More fundamentally, the tool raises ethical considerations that aren't documented. While honeypot fingerprinting serves legitimate purposes—red team assessments, research into deception technology, and validating honeypot deployability—it also enables malicious actors to avoid detection during reconnaissance. Using this tool against infrastructure you don't own or without explicit authorization likely violates computer fraud laws in most jurisdictions. The repository provides no guidance on responsible use, and the automated reporting to honeydb.com means your scans become part of a public dataset without necessarily understanding the implications.
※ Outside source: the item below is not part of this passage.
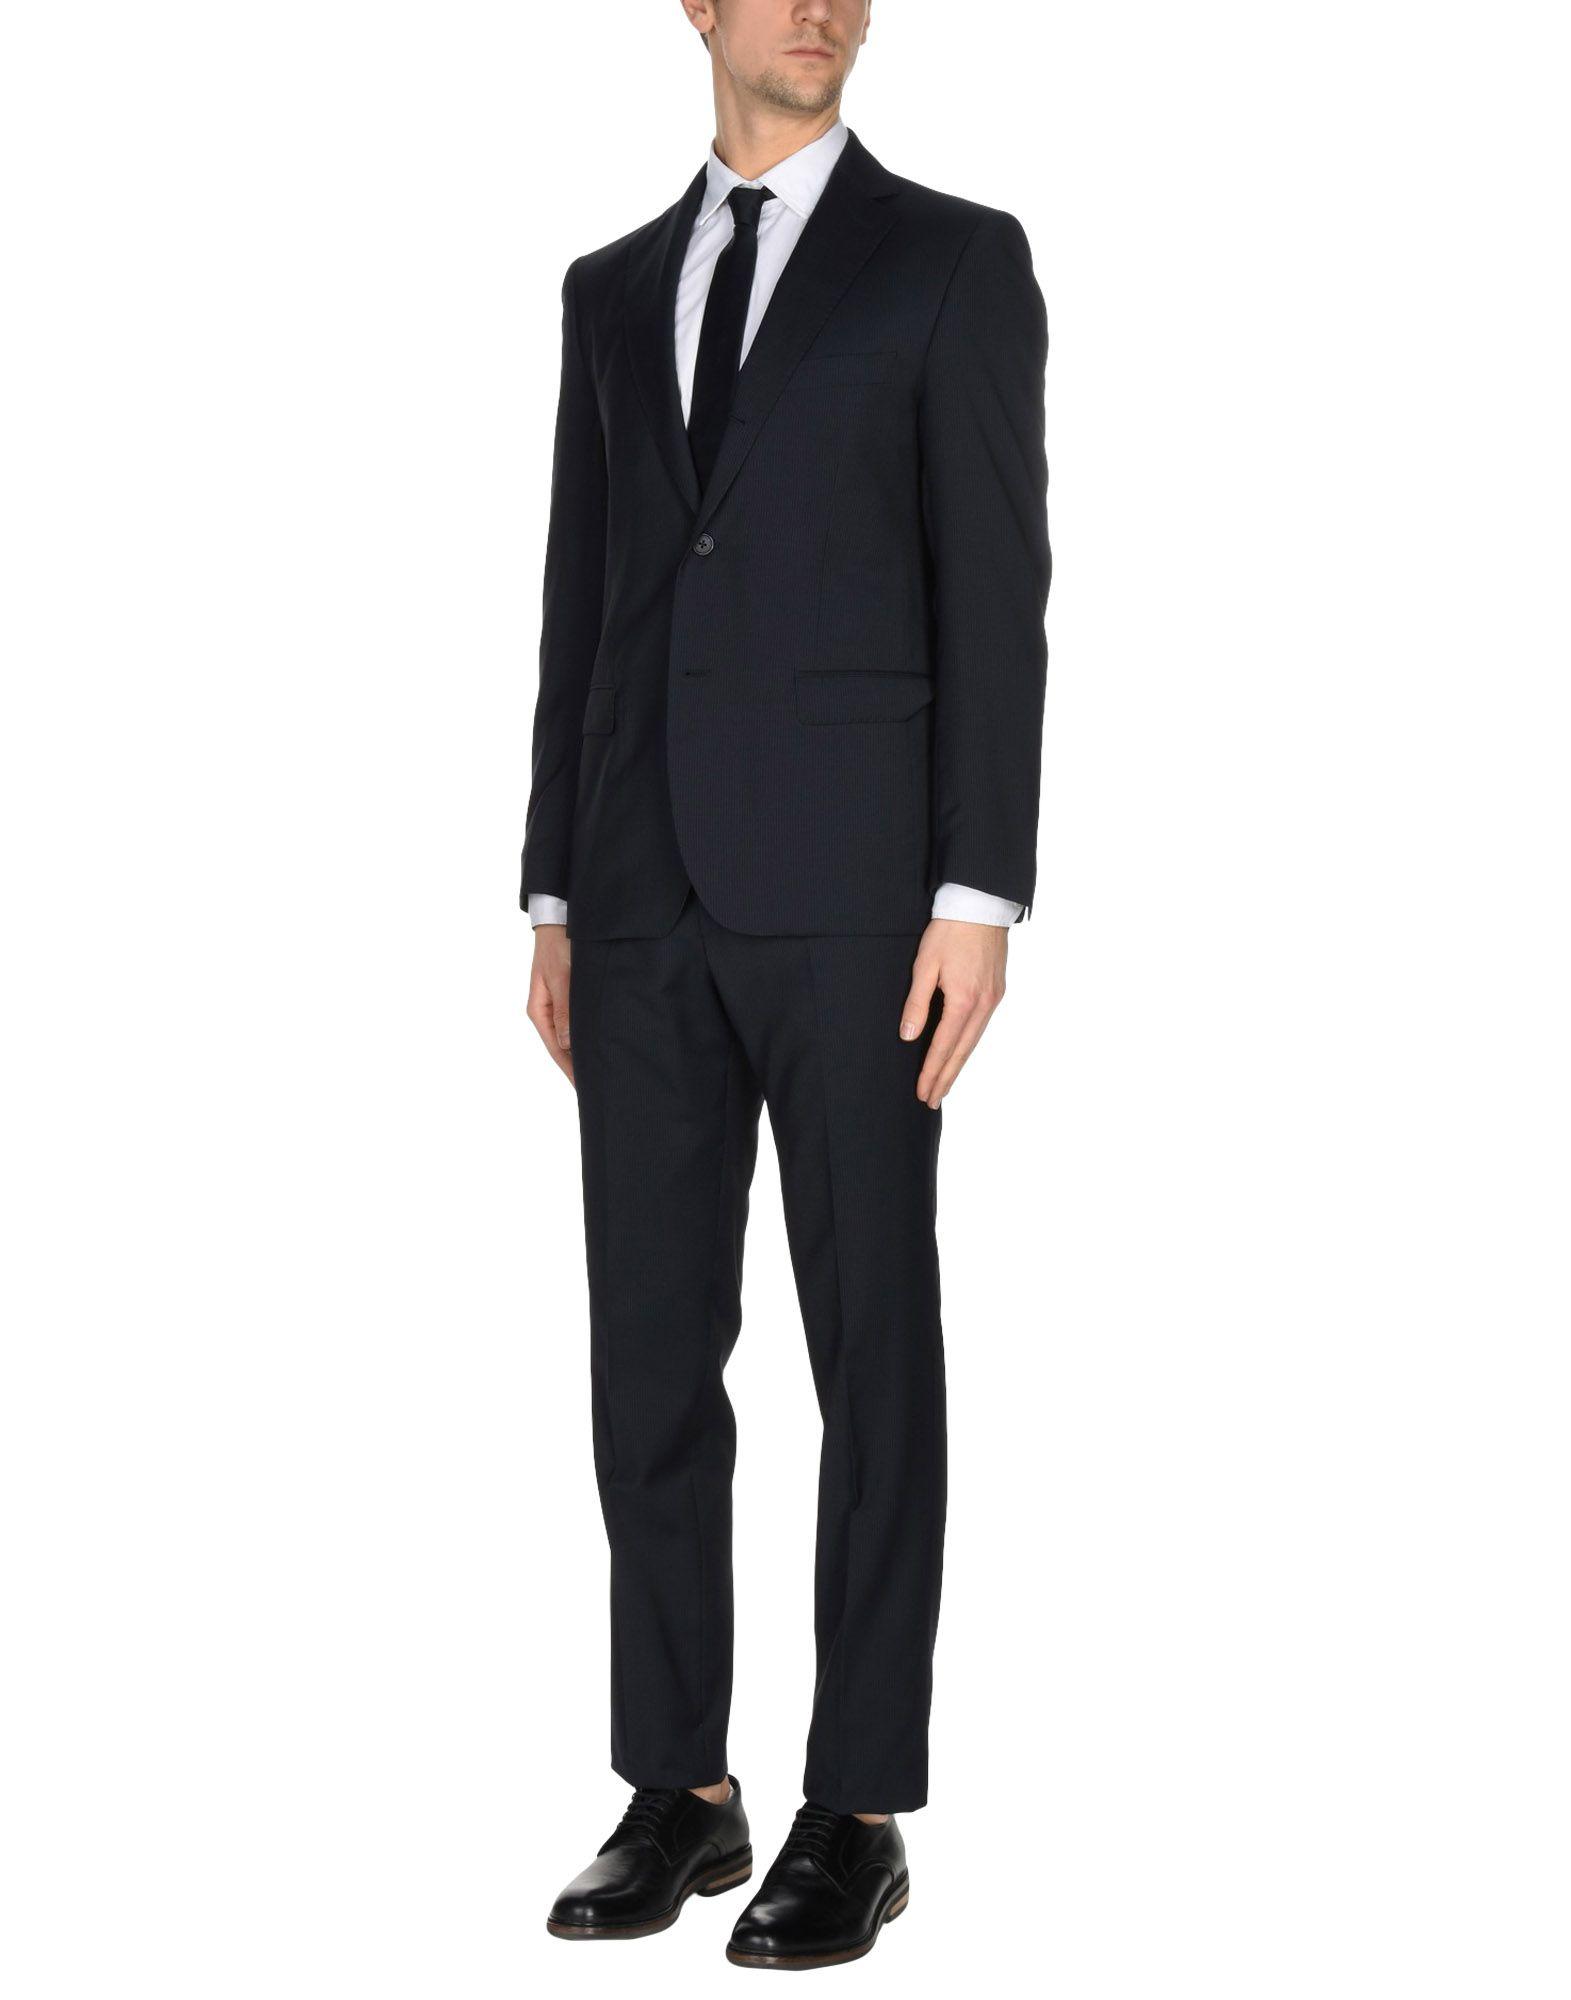 MONTEZEMOLO Suits in Black

Modern security researchers need updated tools targeting current honeypot implementations like Cowrie, T-Pot, or commercial deception platforms, along with clear ethical frameworks for deployment.
Verdict
Use if: You're researching honeypot detection techniques for academic purposes, conducting authorized red team assessments where identifying defensive infrastructure is part of the scope, or studying the historical evolution of SSH honeypots and counter-detection methods. The code provides valuable insight into fingerprinting methodologies even if the specific signatures are obsolete. Skip if: You need a production-ready honeypot detection tool (the signatures are stale and Kippo has been replaced by Cowrie), you're conducting unauthorized reconnaissance (legal and ethical problems), or you expect polished, maintained software (the repository is abandoned and self-described as messy). For current honeypot fingerprinting, you'd need to develop custom signatures targeting modern implementations or use broader SSH fingerprinting tools like HASSH combined with behavioral analysis.